С уто­пией, обра­щен­ной в буду­щее, можно спо­койно про­жить целый век, ибо уто­пич­ность здесь нельзя уста­но­вить непо­сред­ственно, она может выяс­ниться только путем отвле­чен­ного мыш­ле­ния. Уто­пию же, кото­рая поме­ща­ется в извест­ном пункте про­стран­ства, про­ве­рить очень легко, — стоит туда только съез­дить. Для Гер­цена доста­точно было поездки за гра­ницу, чтобы сразу разо­ча­ро­ваться в Западе. Целый ряд сочи­не­ний, начи­ная с «Писем из Фран­ции и Ита­лии» и кон­чая «С того берега» и «Нача­лами и кон­цами», доку­мен­ти­рует ско­рость и сте­пень этого разо­ча­ро­ва­ния. Гер­цен ста­но­вится неспра­вед­лив и раз­дра­жи­те­лен к Западу, из одной край­но­сти бро­са­ется в дру­гую и сжи­гая своих ста­рых богов, кля­нет их и громко жалу­ется. Весь Запад пред­став­ля­ется ему мерт­выми костями, виден­ными про­ро­ком Иезе­ки­и­лем, и он не знает твор­че­ского гла­гола, сила кото­рого может их ожи­вить. Но Гер­цену можно про­стить чрез­мер­ную стро­гость его напа­док, — он слиш­ком много поста­вил на карту и слиш­ком много про­иг­рал одной ставкой.

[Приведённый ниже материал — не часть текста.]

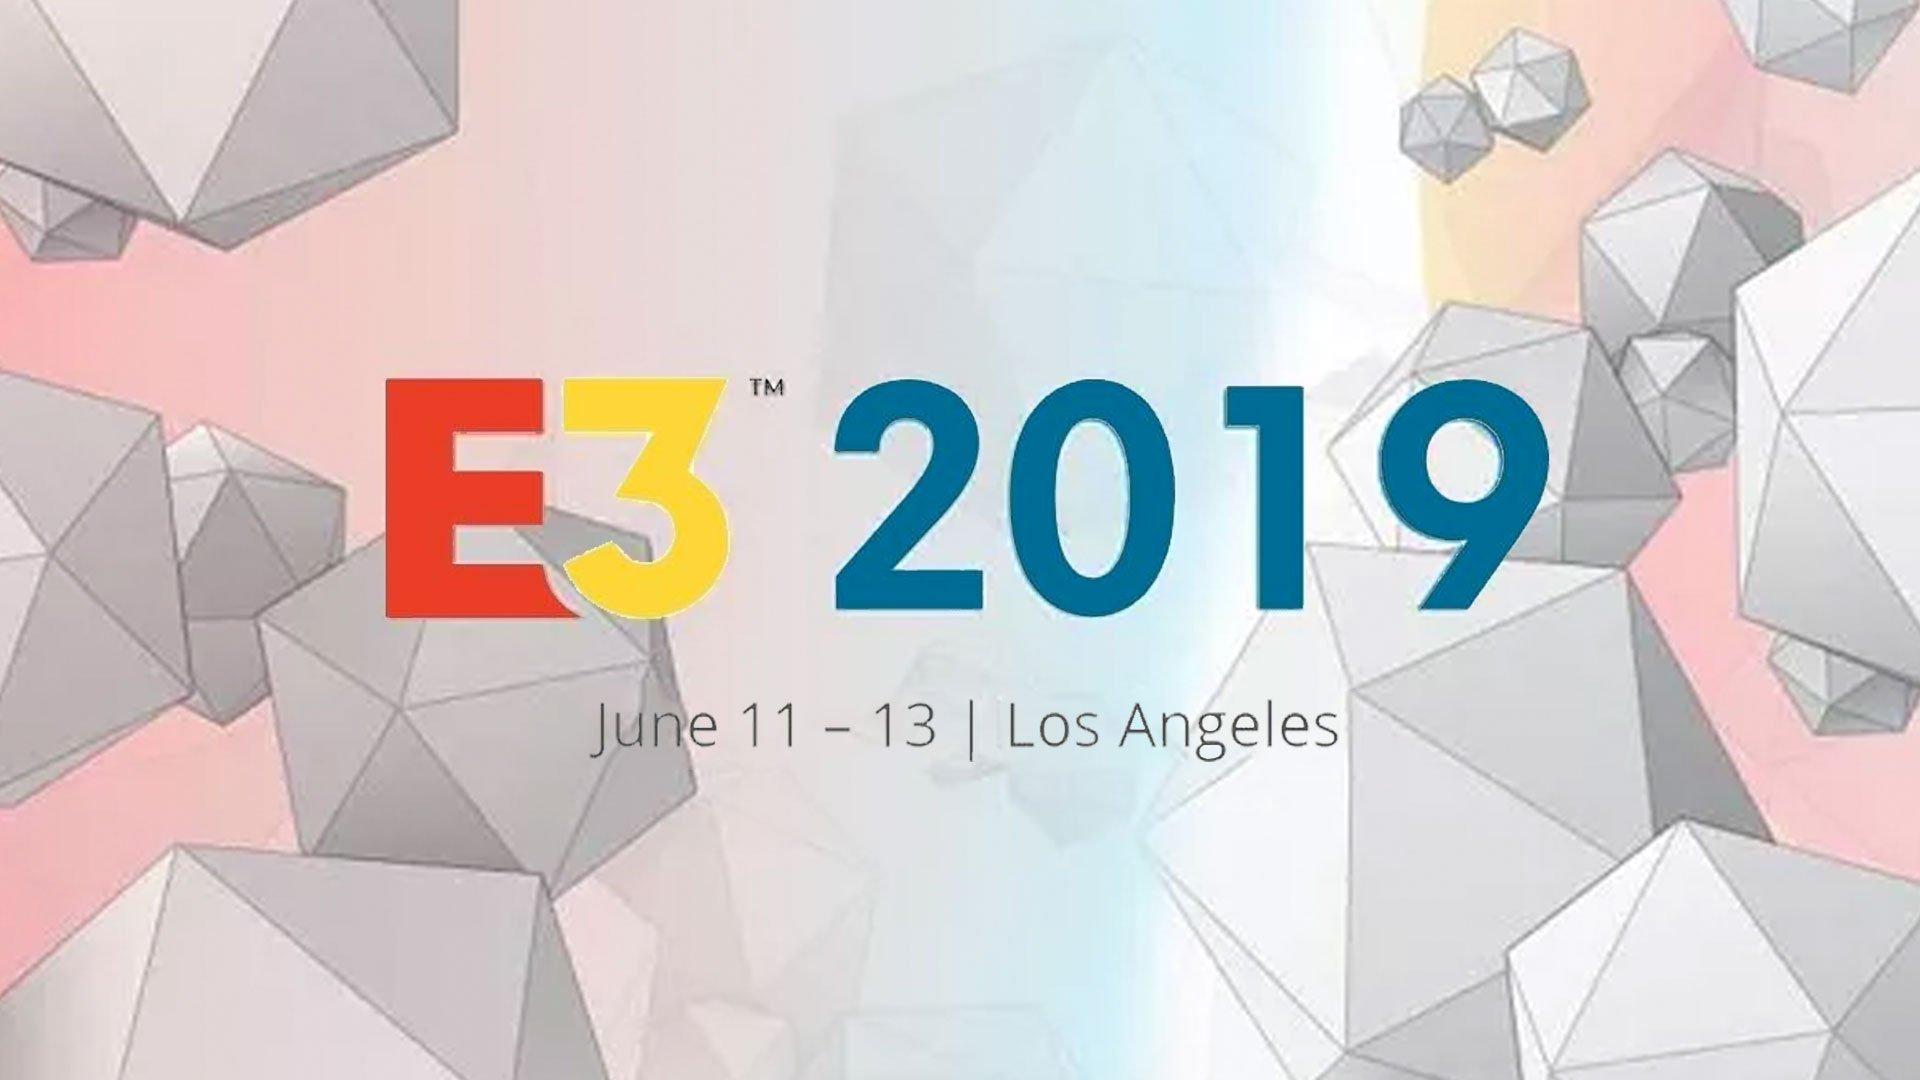 e3-2019-schedule-press-conference-2e82.jpg

Поз­во­ли­тельно совсем не зада­ваться вопро­сом, дей­стви­тельно ли собы­тия евро­пей­ской исто­рии спо­собны были вызвать и оправ­дать такое разо­ча­ро­ва­ние, тем более, что Гер­цен разо­ча­ро­ван людьми, а не собы­ти­ями, и видит в ничто­же­стве людей при­чину без­от­рад­но­сти насто­я­щего и без­на­деж­но­сти буду­щего. Поз­во­ли­тельно это потому, что при­чины недо­воль­ства лежали на этот раз не в Европе, а в самом Гер­цене. Гер­цен не удо­вле­тво­рился бы ника­кой Евро­пой и вообще ника­кой дей­стви­тель­но­стью, ибо ника­кая дей­стви­тель­ность не спо­собна вме­стить идеал, кото­рого искал Гер­цен. Он ока­зался в поло­же­нии Дон-Жуана, кото­рый, стре­мясь к иде­аль­ному про­то­типу, обни­мает обык­но­вен­ную зем­ную женщину.

Он пом­нил виденье,
Но тре­бо­вал снова
Ему примененья
Средь мира земного,
И лишь во сне он
Преступный
Гнал замысл обратно,
И мысли доступна
И сердцу понятна
Стрем­ле­нья земного
Была неудача.

В наши дни охотно пишутся и чита­ются фан­та­сти­че­ские романы, изоб­ра­жа­ю­щие жизнь буду­щего счаст­ли­вого чело­ве­че­ства. Было бы более инте­рес­ной и бла­го­дар­ной зада­чей опи­сать, как люди в усло­виях, кото­рые нам теперь кажутся иде­аль­ными, также рвутся в Zukunftstaat, как и мы теперь, и не только не пре­вра­ти­лись в анге­лов, но несво­бодны от ста­рых и новых недо­стат­ков. Едва ли поучи­тель­ность такого про­зре­ния в буду­щее была бы менее того, какое дела­ется Бел­лами и ему подоб­ными. Такой роман, к сча­стью, уже напи­сан, и не только напи­сан, но и пере­жит, выстра­дан, выпла­кан… Его мы имеем в сочи­не­ниях Гер­цена, где нахо­дим скорб­ную повесть кру­ше­ния уто­пизма, тем более скорб­ную, что кру­ше­ние это было совер­шенно неиз­бежно. Мораль этой пове­сти, если нужна здесь мораль, коротка, она гла­сит: не сотвори себе кумира и вся­кого подобия…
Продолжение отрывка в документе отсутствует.